Personal information
- Born: March 10, 1983 (age 43) Montreal, Quebec, Canada
- Listed height: 5 ft 9 in (1.75 m)
- Listed weight: 187 lb (85 kg)

Career information
- High school: Kent School (Kent, Connecticut)
- College: New Hampshire
- CFL draft: 2006: 2nd round, 16th overall pick

Career history
- 2006–2007: Montreal Alouettes
- 2008: New York Jets*
- 2008–2011: Montreal Alouettes
- 2012: Toronto Argonauts
- * Offseason and/or practice squad member only

Awards and highlights
- 3× Grey Cup champion (2009, 2010, 2012); Frank M. Gibson Trophy (2006);
- Stats at CFL.ca (archive)

= Étienne Boulay =

Canadian gridiron football player (born 1983)

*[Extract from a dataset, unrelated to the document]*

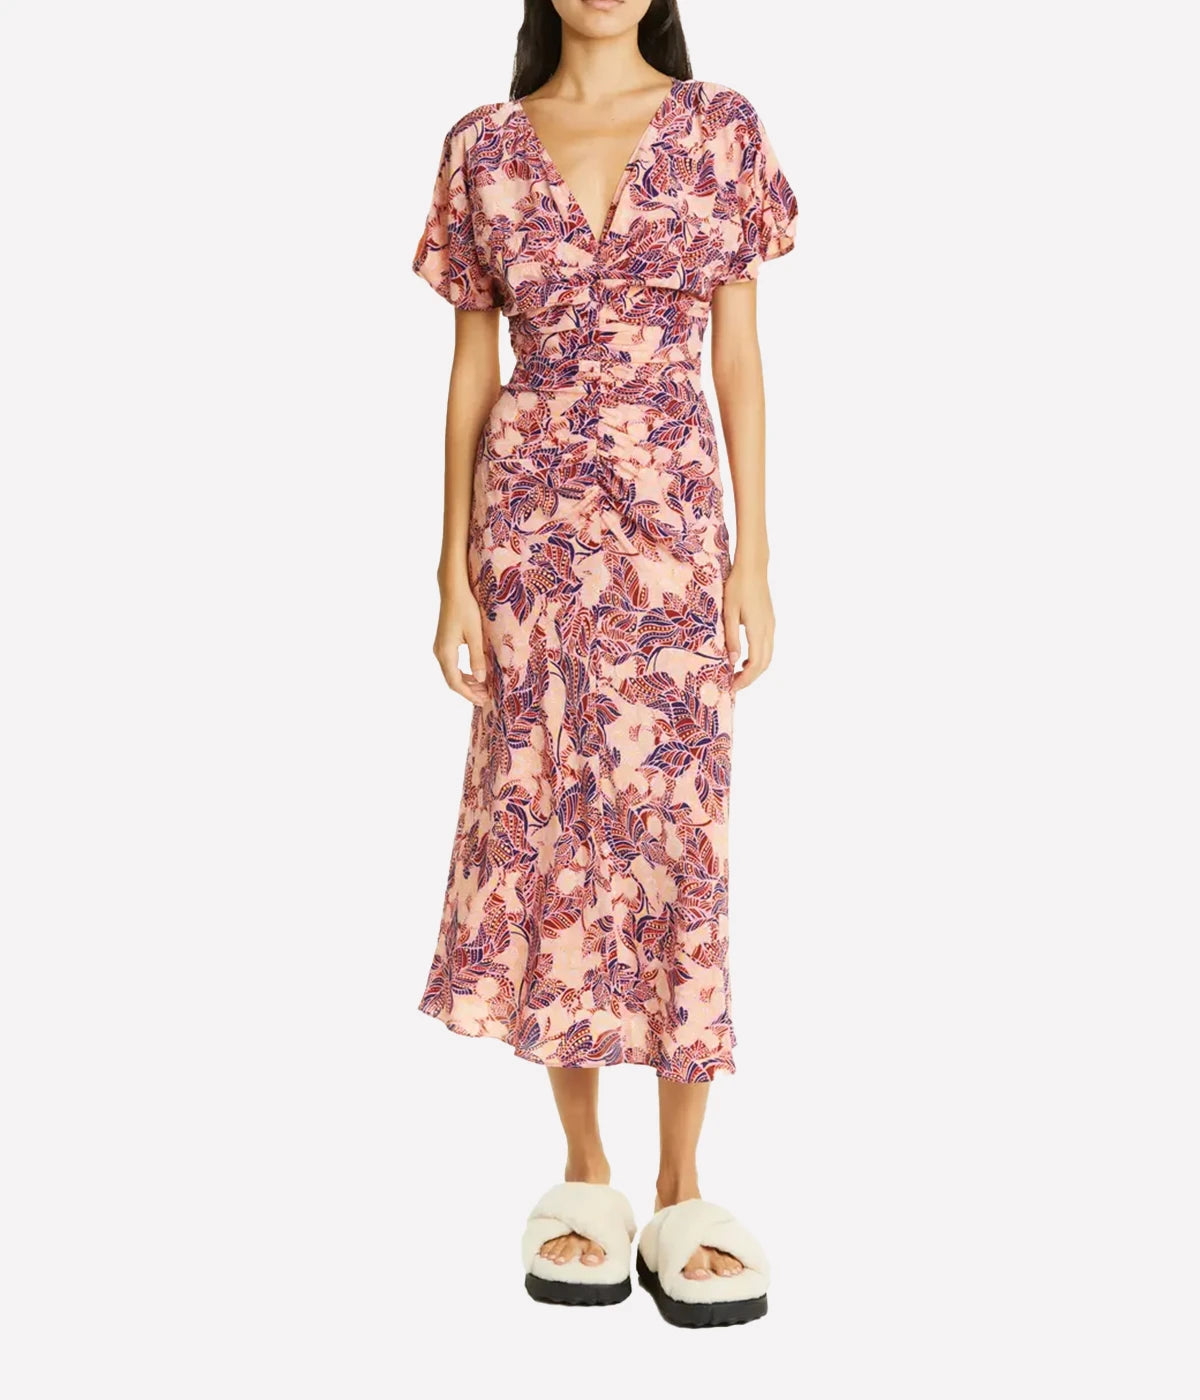 Elodie Dress in Grapefruit & Sedona Multi
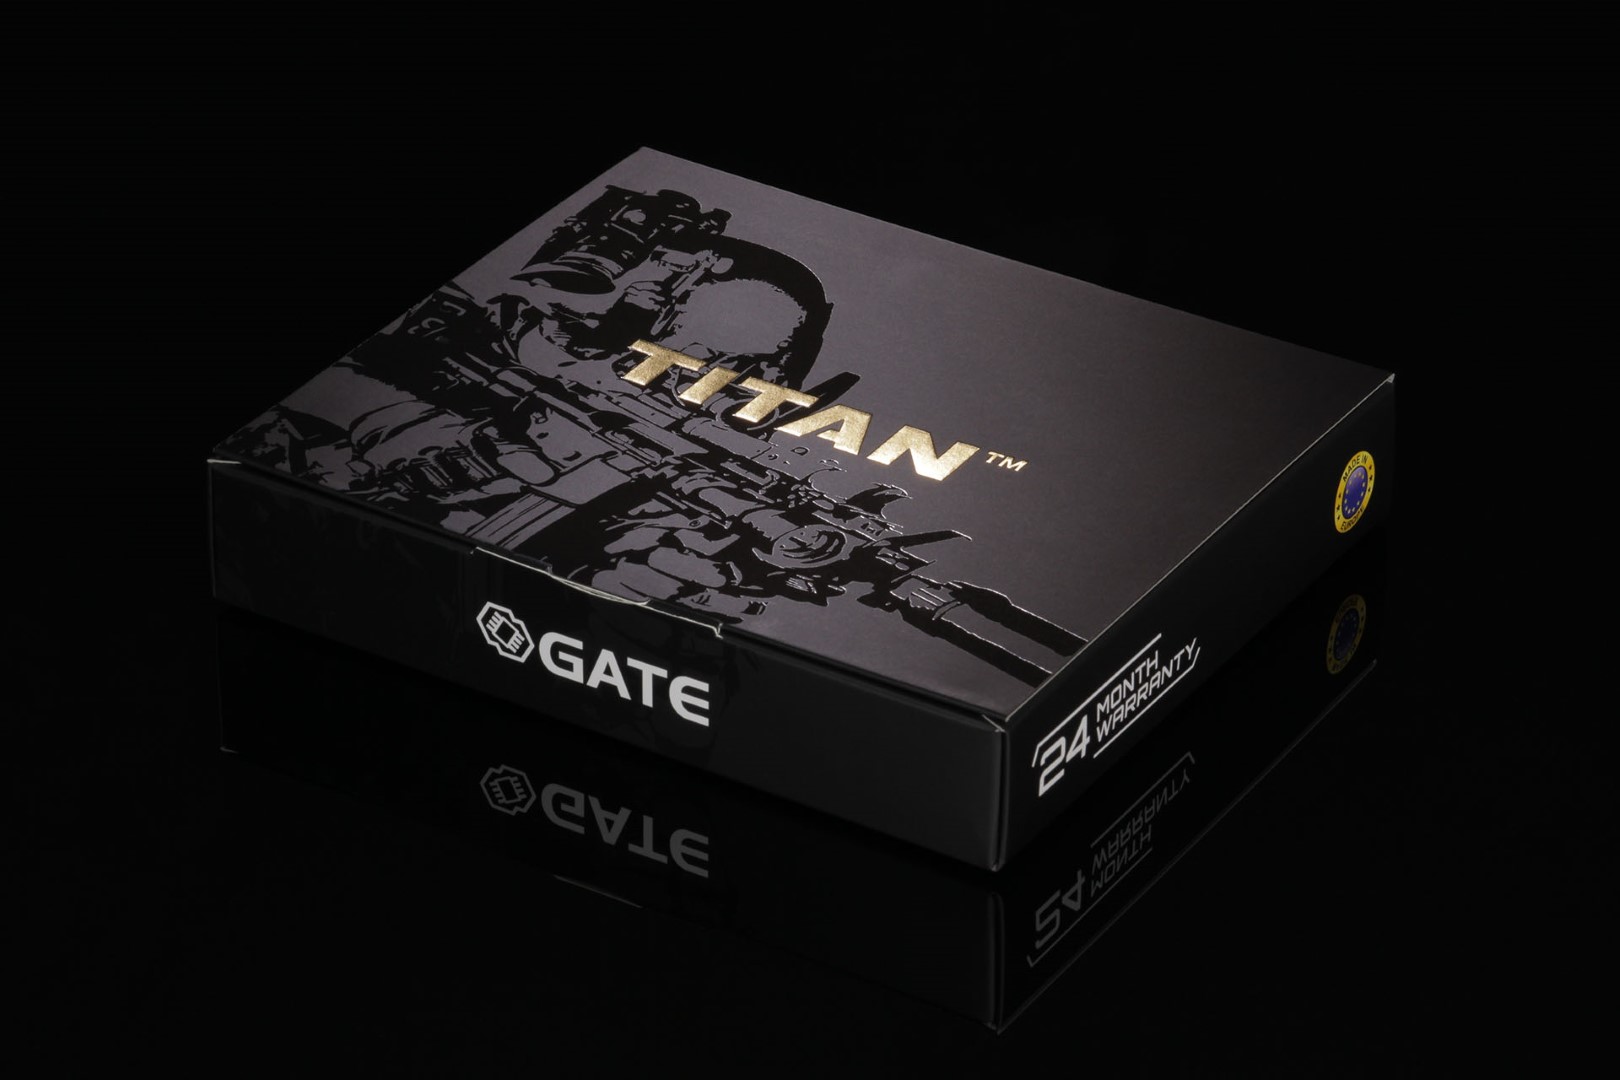 GATE TITAN V2 Advanced Set

Étienne Boulay (born March 10, 1983) is a Canadian former professional football safety. He most recently played for the Toronto Argonauts of the Canadian Football League, with whom he won the 100th Grey Cup championship. He previously played for the Montreal Alouettes from to where he won two more Grey Cup championships. He was drafted 16th overall by the Alouettes in the 2006 CFL draft. He played college football for the New Hampshire Wildcats.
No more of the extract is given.